Record extracts:
──────

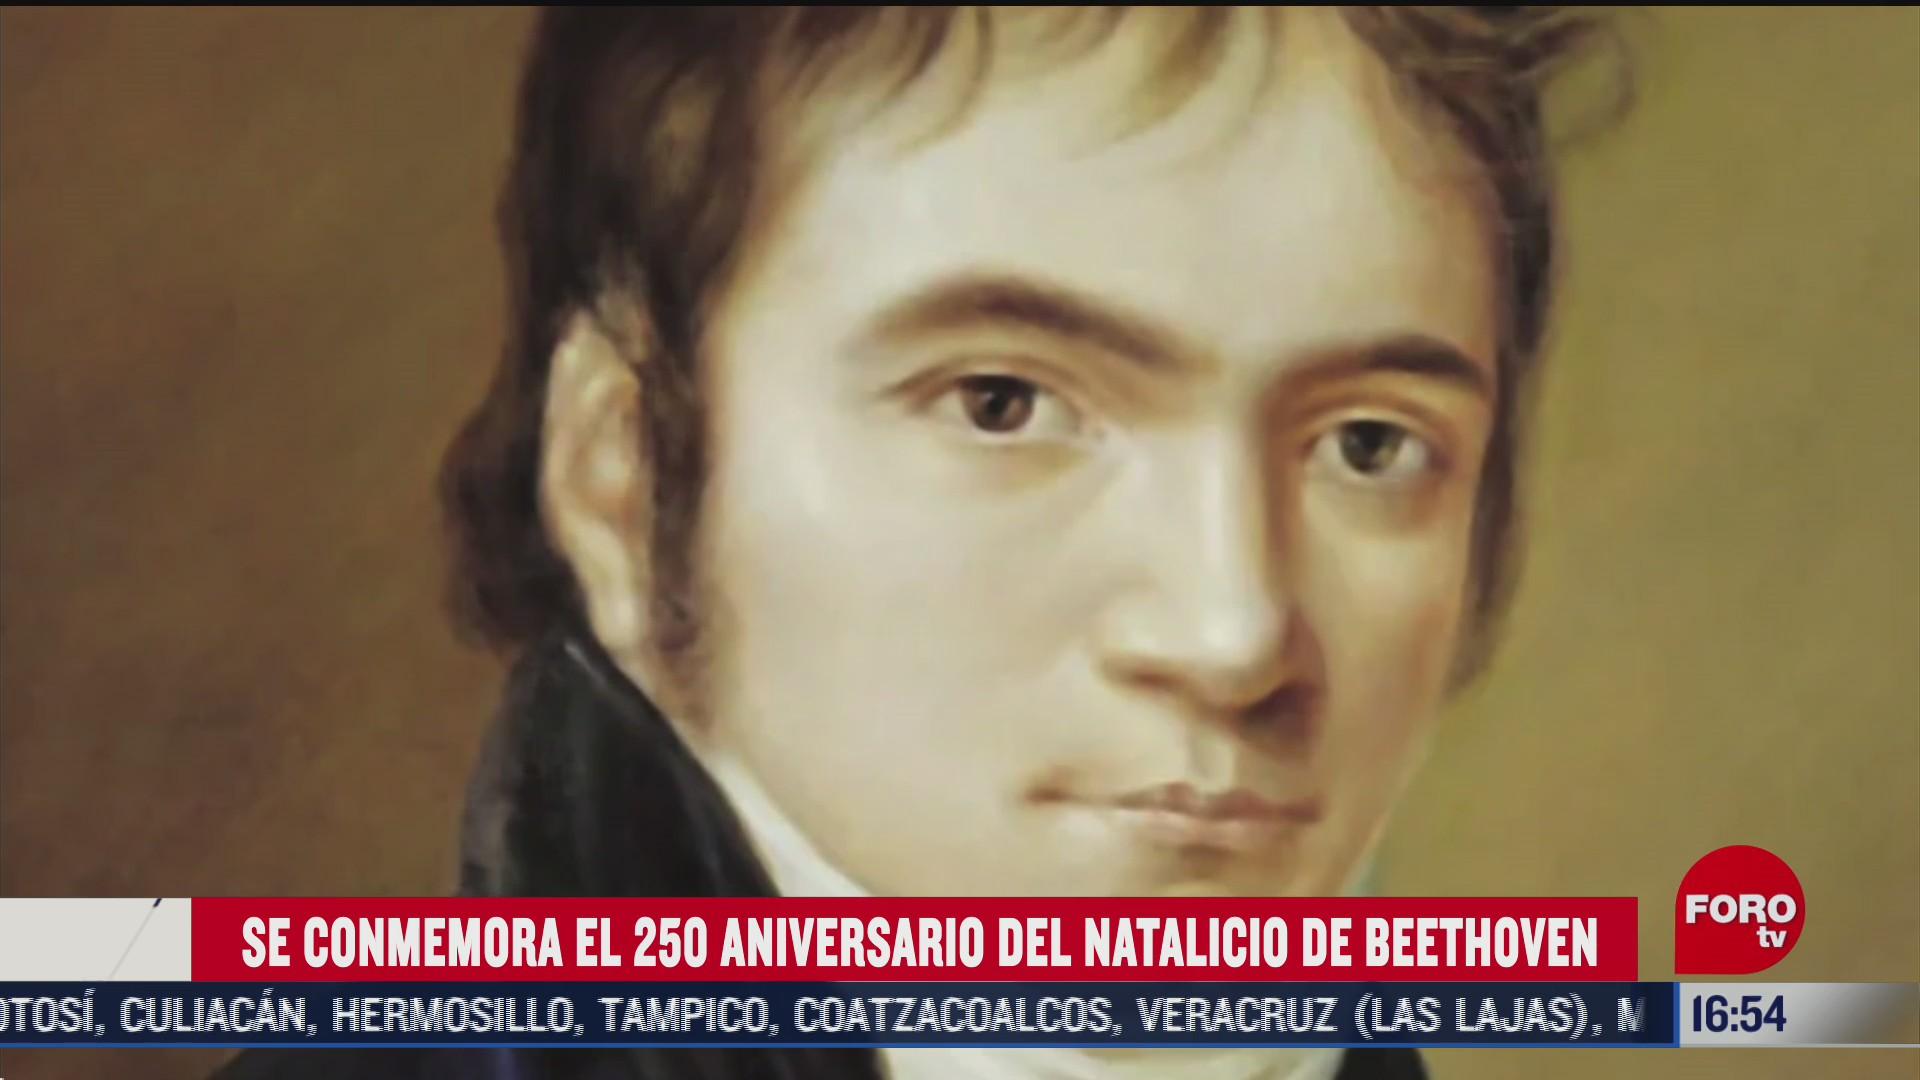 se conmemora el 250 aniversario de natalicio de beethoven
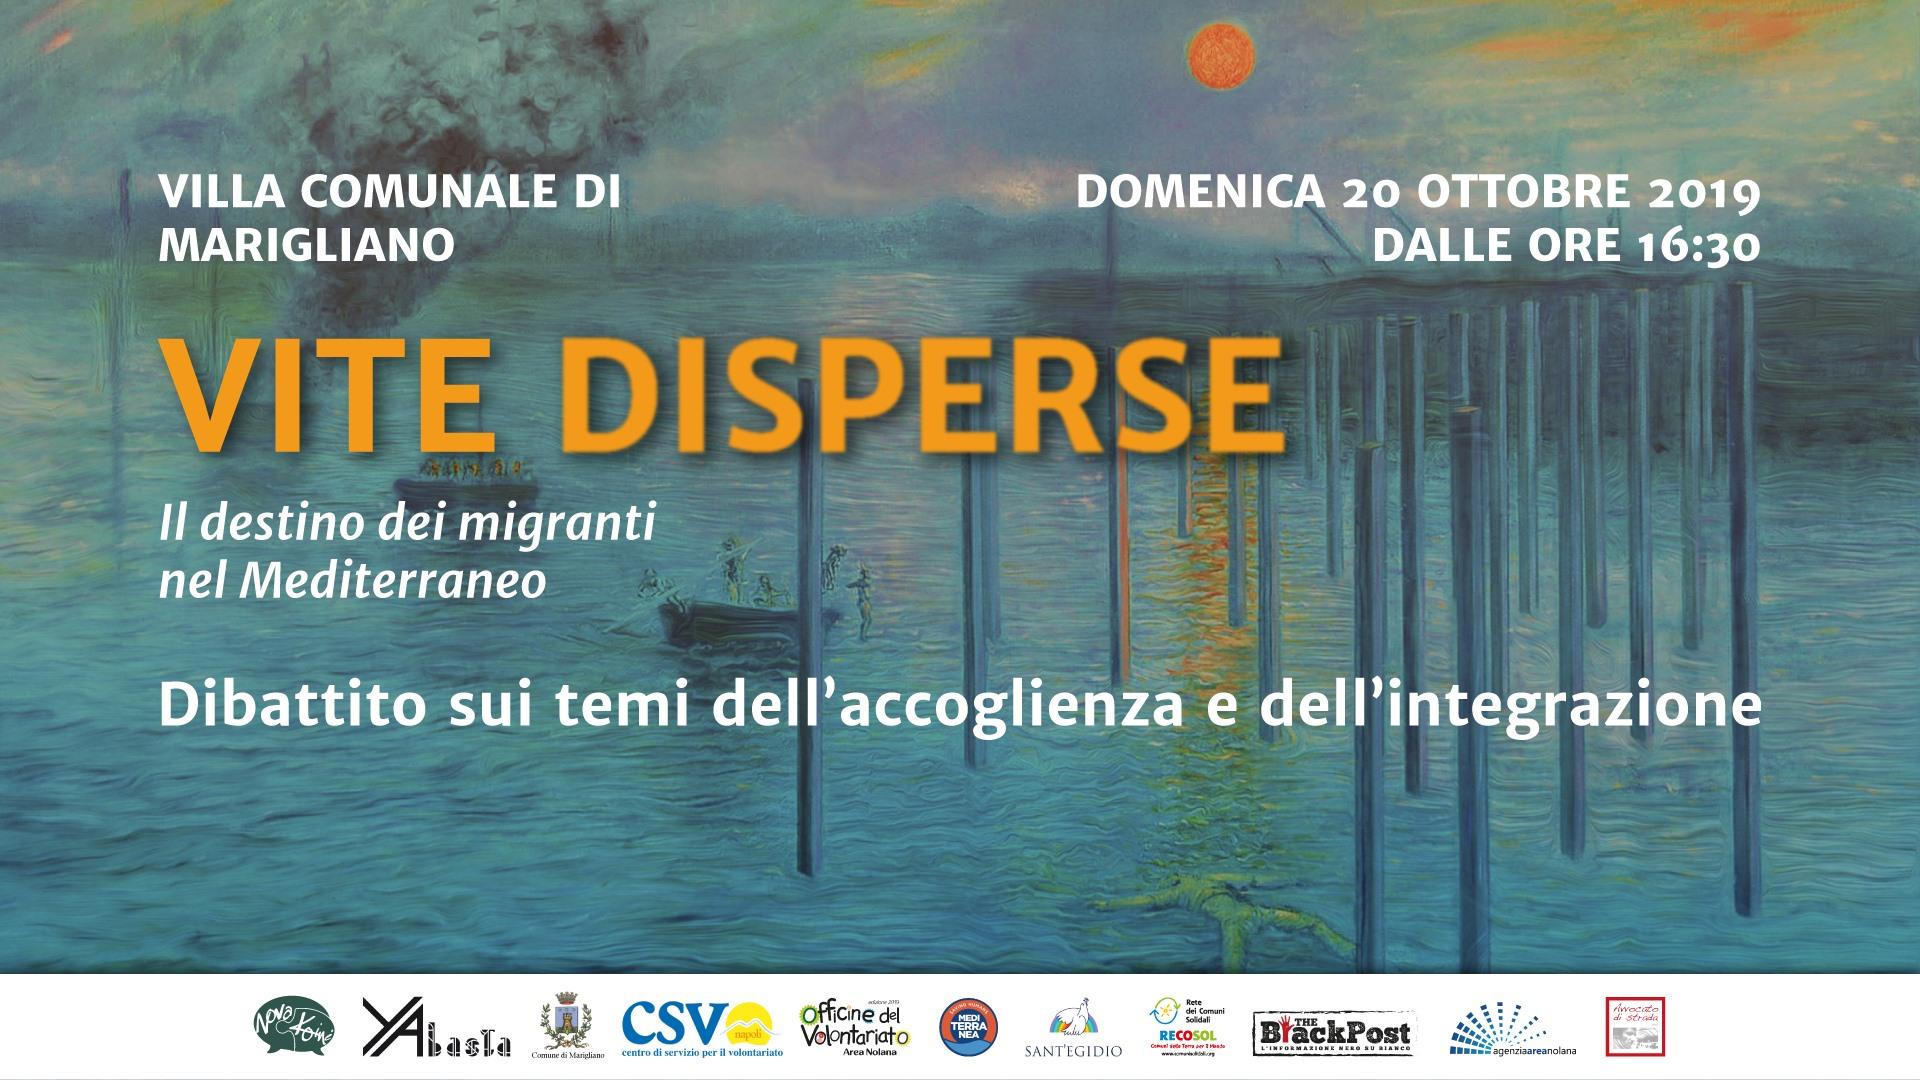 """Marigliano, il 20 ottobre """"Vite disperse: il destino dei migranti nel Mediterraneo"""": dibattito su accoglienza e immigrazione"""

──────

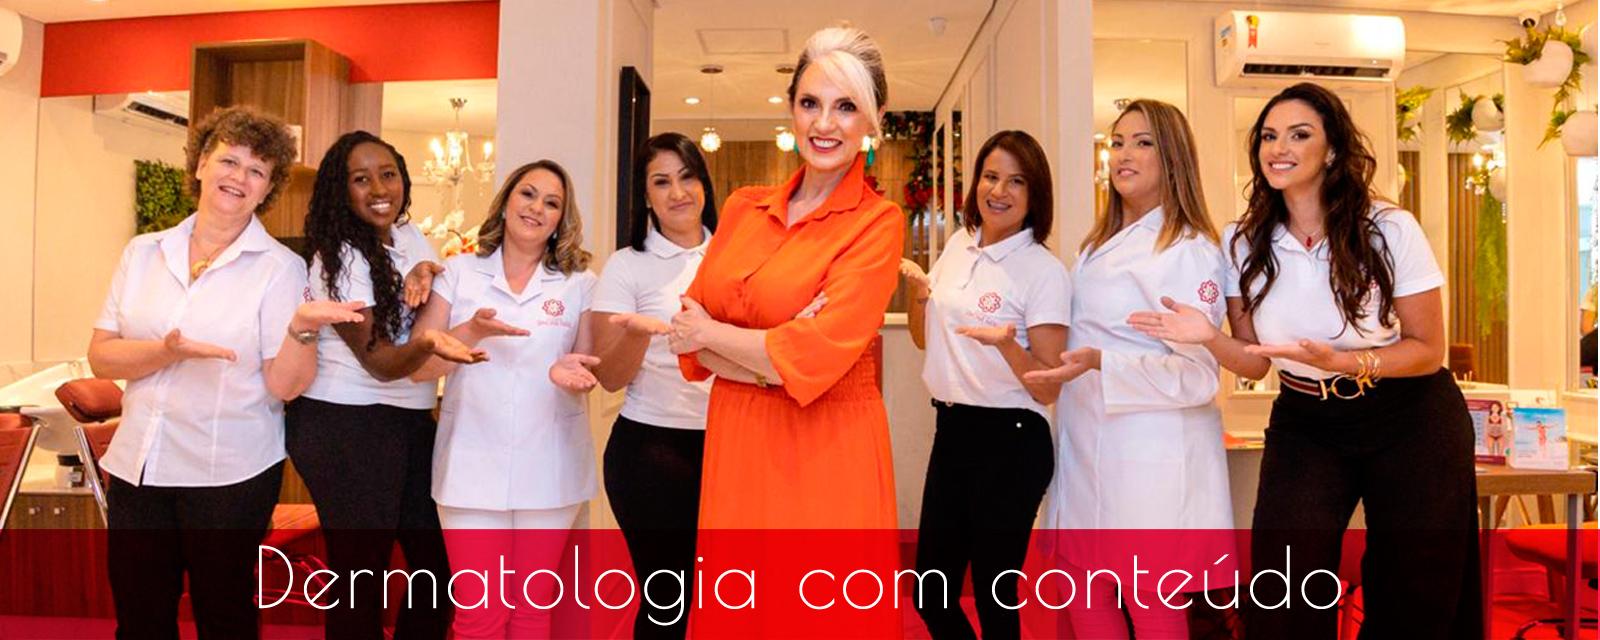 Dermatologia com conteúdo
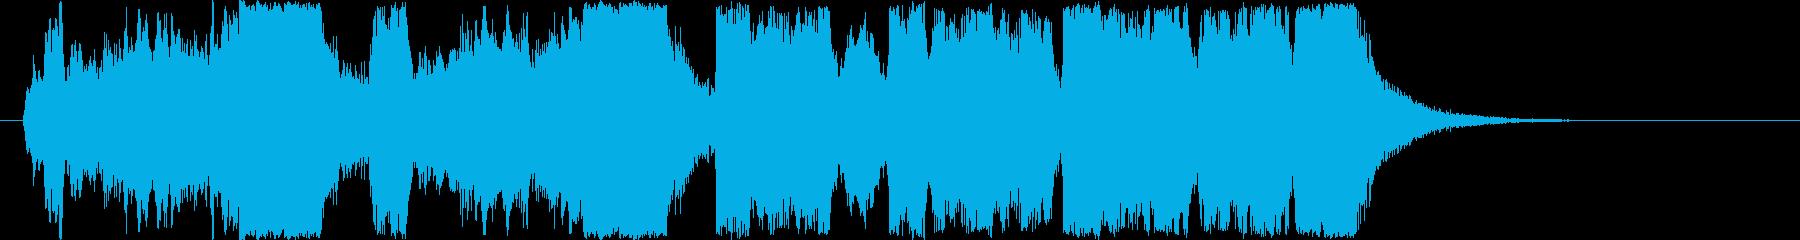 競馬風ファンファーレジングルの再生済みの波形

──────

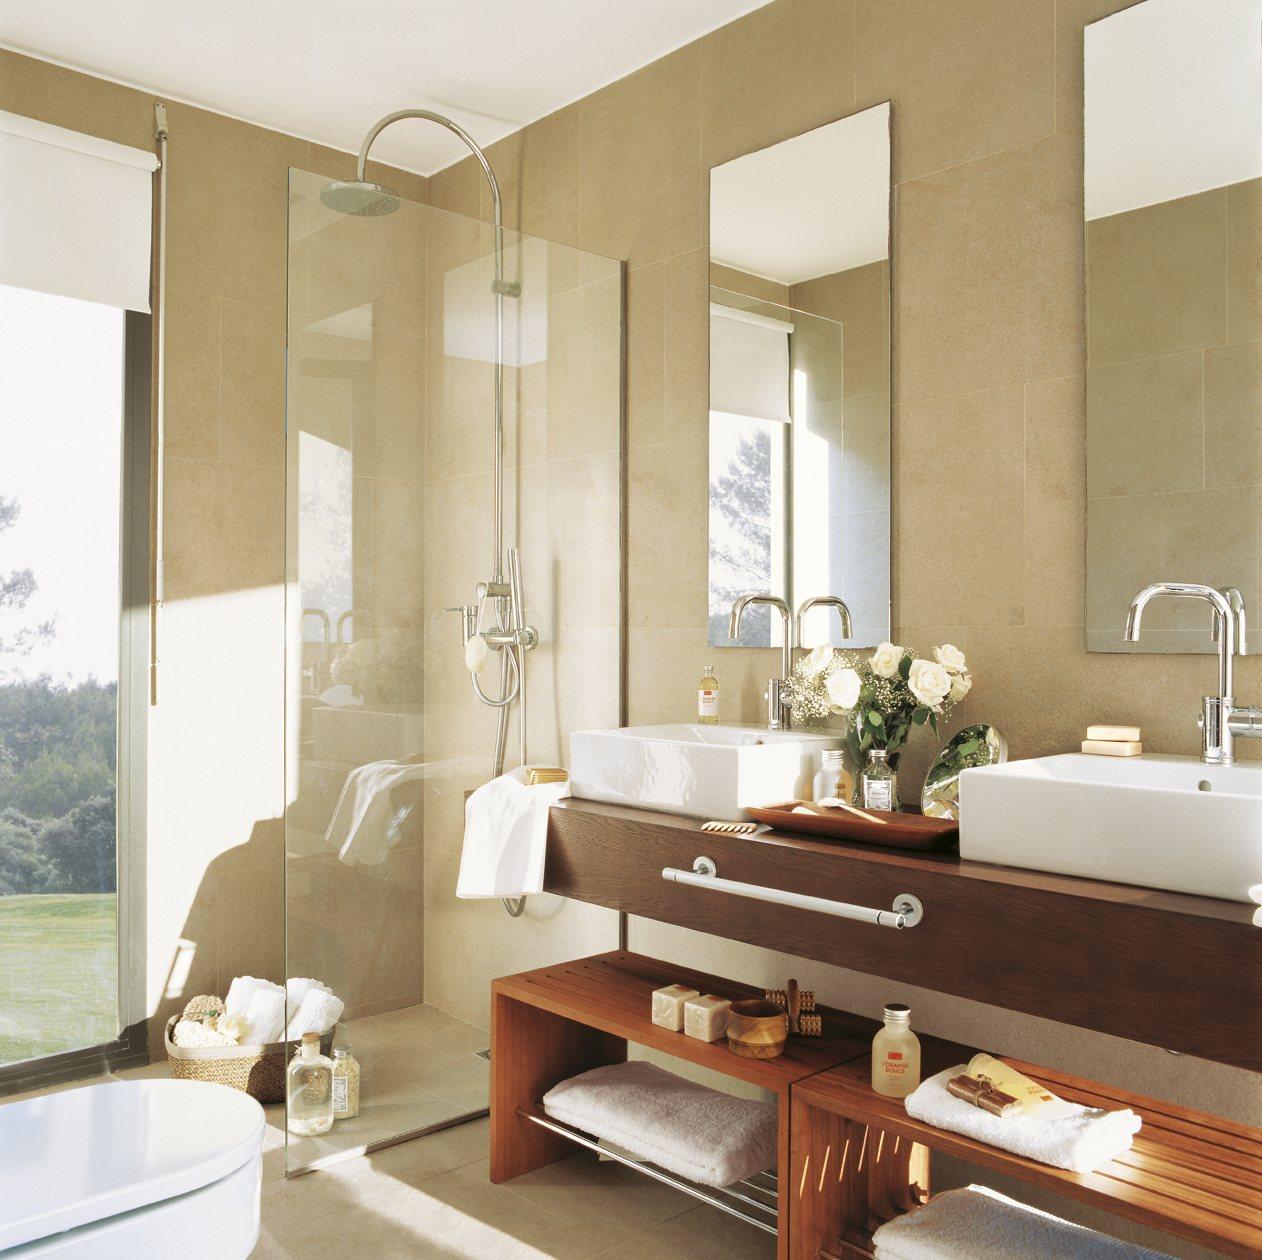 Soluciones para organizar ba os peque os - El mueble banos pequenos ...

──────

Required work: Exactly the lines starting at the one above with "se conmemora el" and ending at the one with "il 20 ottobre" should be printed, and nothing else. Omit the pictures.

Exercise result:
 se conmemora el 250 aniversario de natalicio de beethoven
 """Marigliano, il 20 ottobre """"Vite disperse: il destino dei migranti nel Mediterraneo"""": dibattito su accoglienza e immigrazione"""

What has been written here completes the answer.